REQUIRED ACTION
Leaving out every picture, copy the lines of the material below exactly, from the line containing "A little turtle" through the line containing "#slow #turtleart #ceramictile".

DATA
=== Begin Enclosure ===

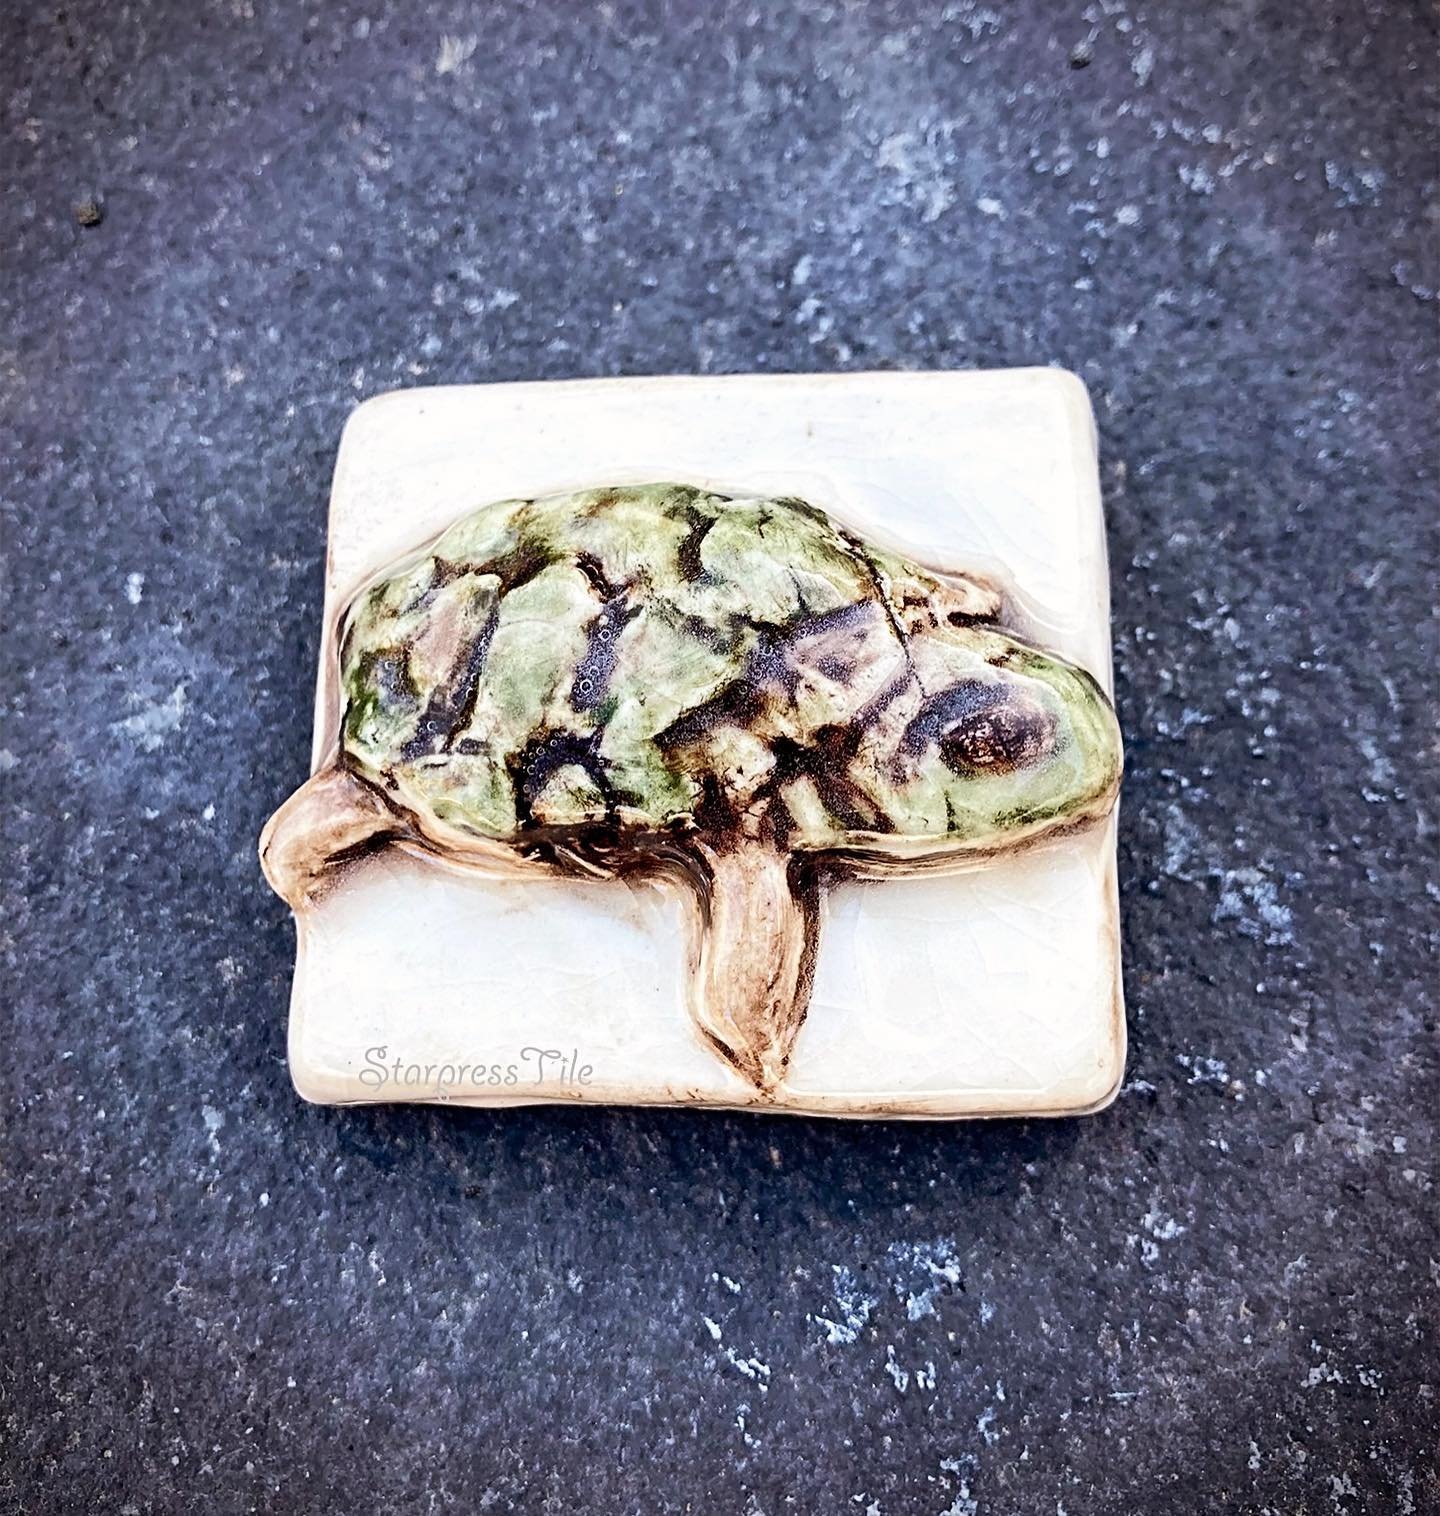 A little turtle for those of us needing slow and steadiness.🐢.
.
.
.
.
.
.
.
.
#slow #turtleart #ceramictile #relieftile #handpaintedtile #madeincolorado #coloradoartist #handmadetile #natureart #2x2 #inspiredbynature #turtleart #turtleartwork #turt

=== End Enclosure ===
=== Begin Enclosure ===

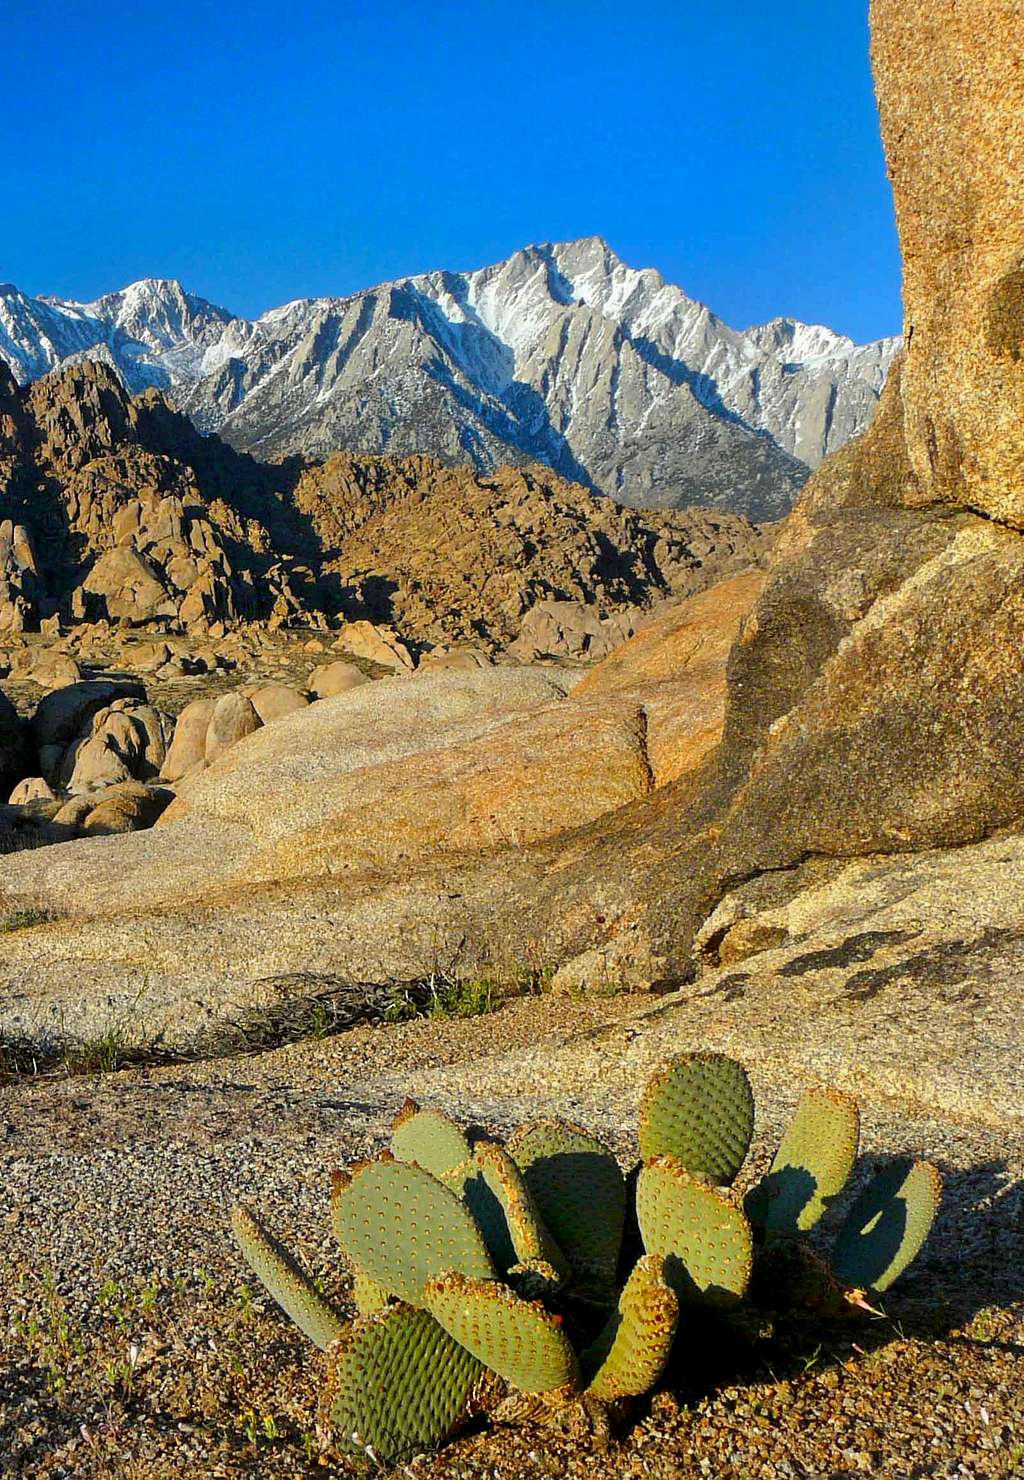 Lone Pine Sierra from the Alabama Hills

=== End Enclosure ===

SOLUTION TO THE PROBLEM
 A little turtle for those of us needing slow and steadiness.🐢.
.
.
.
.
.
.
.
.
#slow #turtleart #ceramictile #relieftile #handpaintedtile #madeincolorado #coloradoartist #handmadetile #natureart #2x2 #inspiredbynature #turtleart #turtleartwork #turt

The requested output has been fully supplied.